Salah satu konsep pembaharuan Hukum Kewarisan Islam

Indonesia dalam Kompilasi Hukum Islam (KHI) adalah

diberikannya hak seorang ahli waris yang telah meninggal

dunia kepada keturunannya yang masih hidup. Aturan ini

tercantum dalam Pasal 185 KHI, yang bunyi lengkapnya sbb. :

1. Ahli waris yang meninggal dunia lebih dahulu dari pada si

pewaris, maka kedudukannya dapat digantikan oleh

anaknya, kecuali mereka yang tersebut dalam Pasal 173.

2. Bagian ahli waris pengganti tidak boleh melebihi dari

bagian ahli waris yang sederajat dengan yang diganti.

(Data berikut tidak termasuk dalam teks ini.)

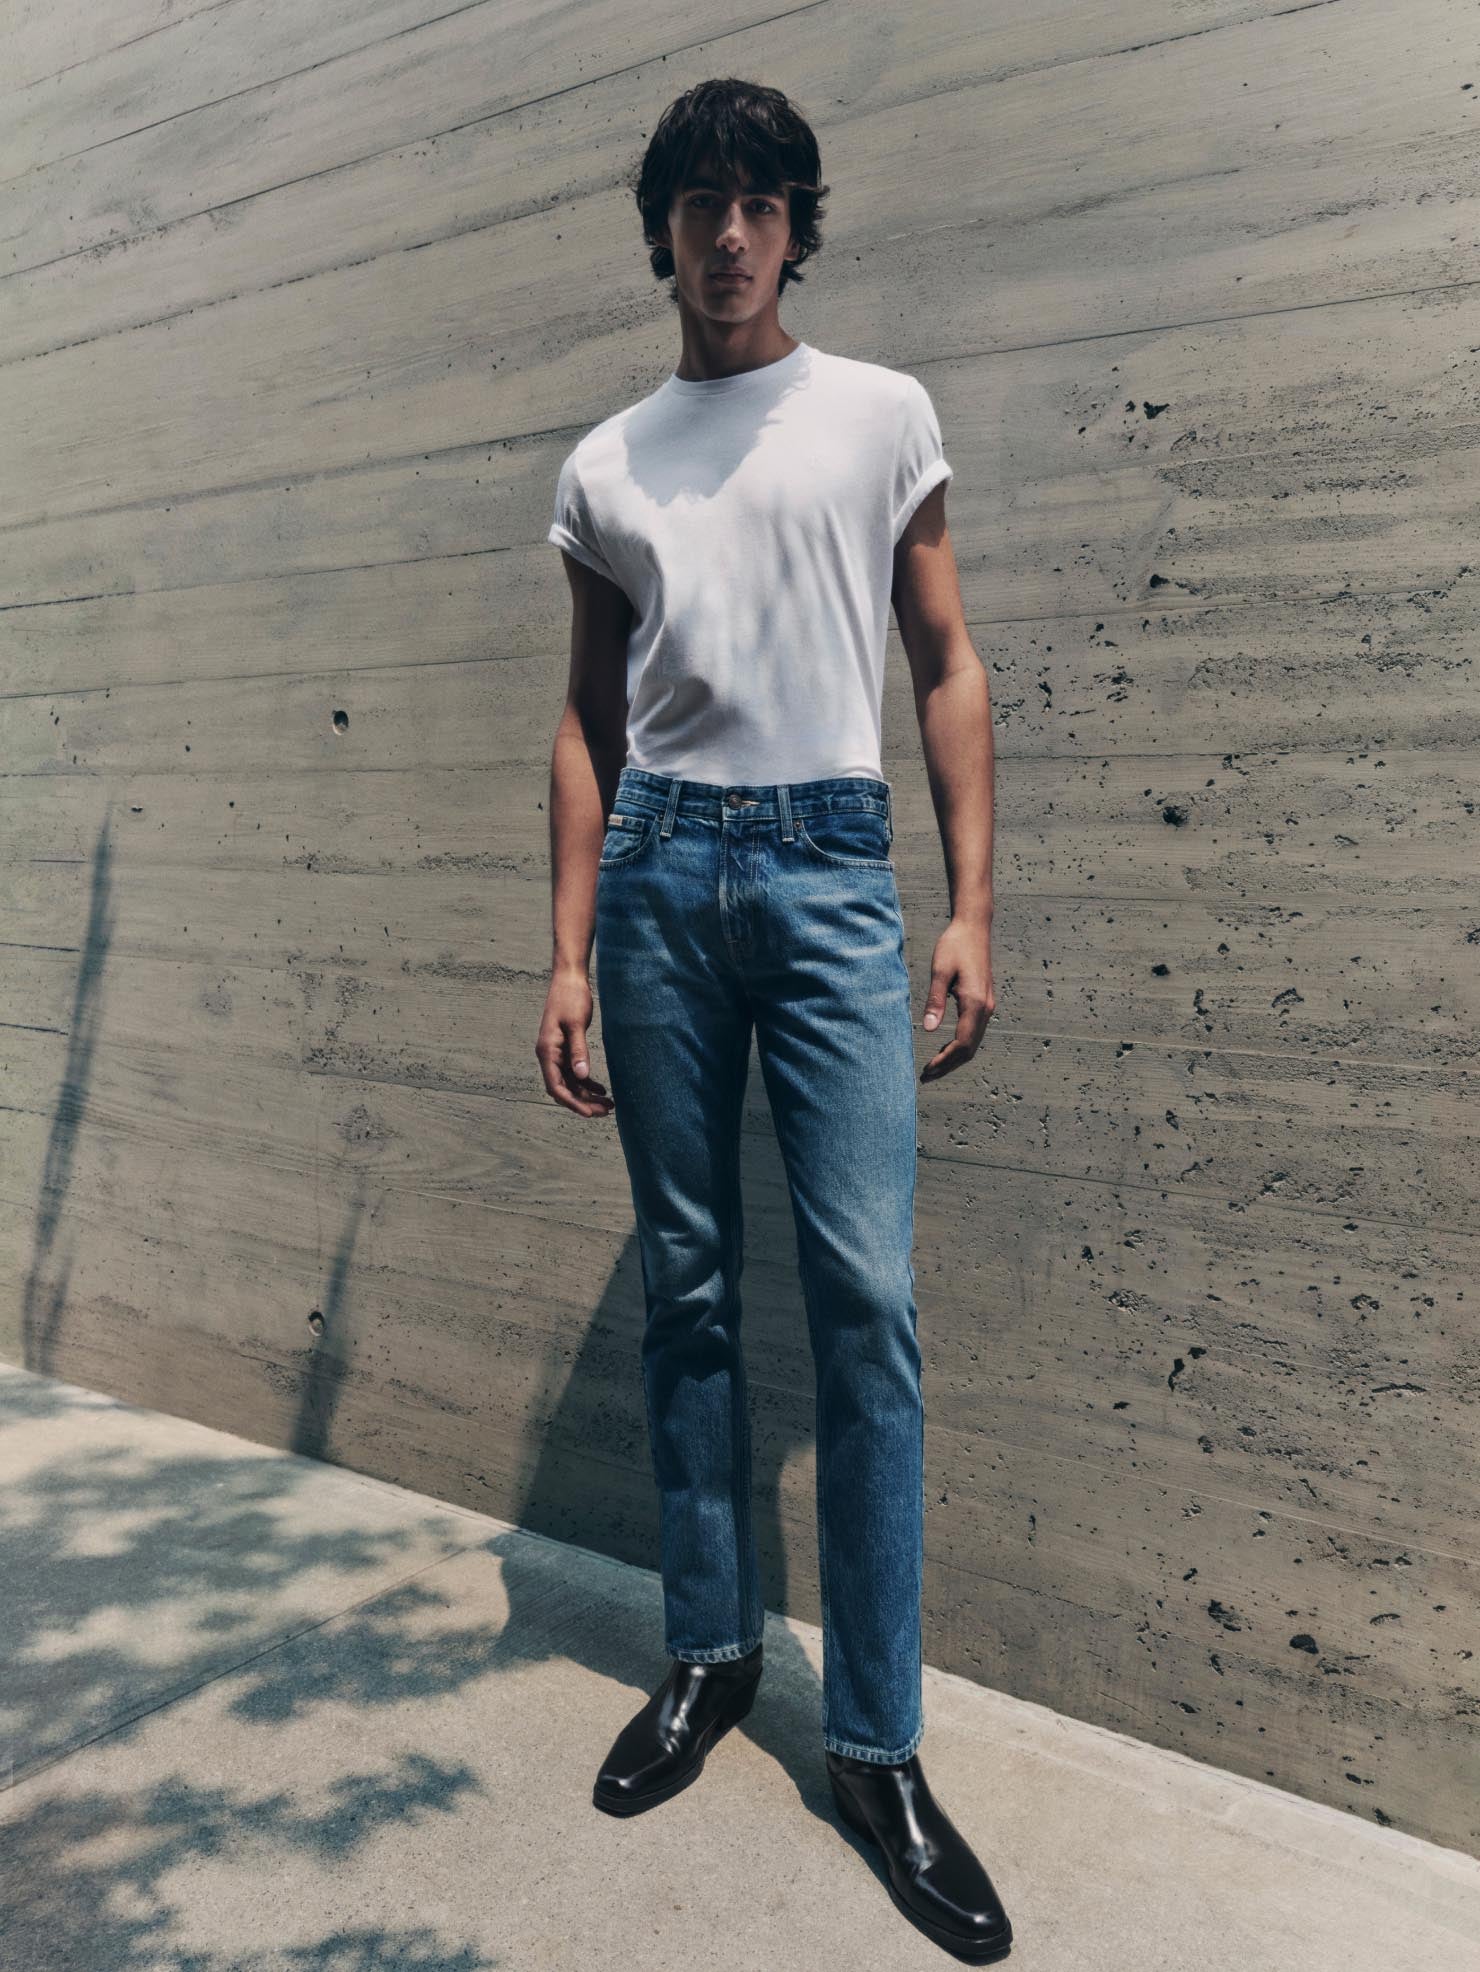 Calvin Klein Slim Fit Stretch Jeans, Mens, 40 32, Forever Black

Mengganti kedudukan orang tua yang meninggal dunia

tersebut selanjutnya disebut ahli waris pengganti. Ketentuan

semacam ini tidak dijumpai dalam fikih empat madhab, akan

tetapi merupakan adopsi dari hukum waris Islam Pakistan,

dimana ahli waris pengganti itu hanyalah cucu

saja.(H.Imron. AM).

Hal ini terasa sangat adil dalam contoh kasus: Seorang ayah

bersama seorang anaknya dalam bepergiannya mengalami

kecelakaan, si anak meninggal dunia, satu menit kemudian si

ayah meninggal dunia, maka si anak bukanlah ahli waris dan

cucu-cucu dari si ayah tadi terhijab oleh anak-anak yang lain

yang masih hidup. Apabila cucu-cucu tadi dapat menggantikan

kedudukan ayahnya, tentu saja rasa keadilannya akan tampak.

Setelah masalah Ahli Waris Pengganti ini masuk dalam KHI yang dirumuskan dalam

pasal 185, ternyata dalam pelaksanaannya berkembang jauh dari aslinya, bahkan

mengacu pada BW, dimana terdapat tiga macam bentuk ahli waris pengganti, sbb

1. Penggantian dalam garis lencang ke bawah, yaitu penggantian seseorang

oleh keturunannya, dengan tidak ada batasnya, selama keturunannya itu

tidak dinyatakan onwaarding atau menolak menerima warisan (Pasal 842).

Dalam segala hal, pergantian seperti di atas selamanya diperbolehkan, baik

dalam hal bilamana beberapa anak si yang meninggal mewaris bersama-sama,

satu sama lain dalam pertalian keluarga yg berbeda-beda derajatnya.

2. Penggantian dalam garis kesamping (zijlinie), di mana tiap-tiap saudara si

meninggal dunia, baik sekandung maupun saudara tiri, jika meninggal

dunia lebih dahulu, digantikan oleh anak-anaknya. Juga penggantian ini

dilakukan dengan tiadabatasnya (Pasal 853, jo. Pasal 856, jo. Pasal 857)

3. Penggantian dalam garis ke samping menyimpang dalam hal kakek dan

nenek baik dari pihak ayah maupun dari pihak ibu, maka harta

peninggalan diwarisi oleh golongan keempat, yaitu paman sebelah ayah

dan sebelah ibu. Pewarisan ini juga dapat digantikan oleh keturunannya

sampai derajat keenam (Pasal 861).

Dan ternyata dalam Buku Pedoman (Buku II) yang dikeluarkan

Mahkamah Agung nyaris sama dengan BW (Burgerlijk Wetbook).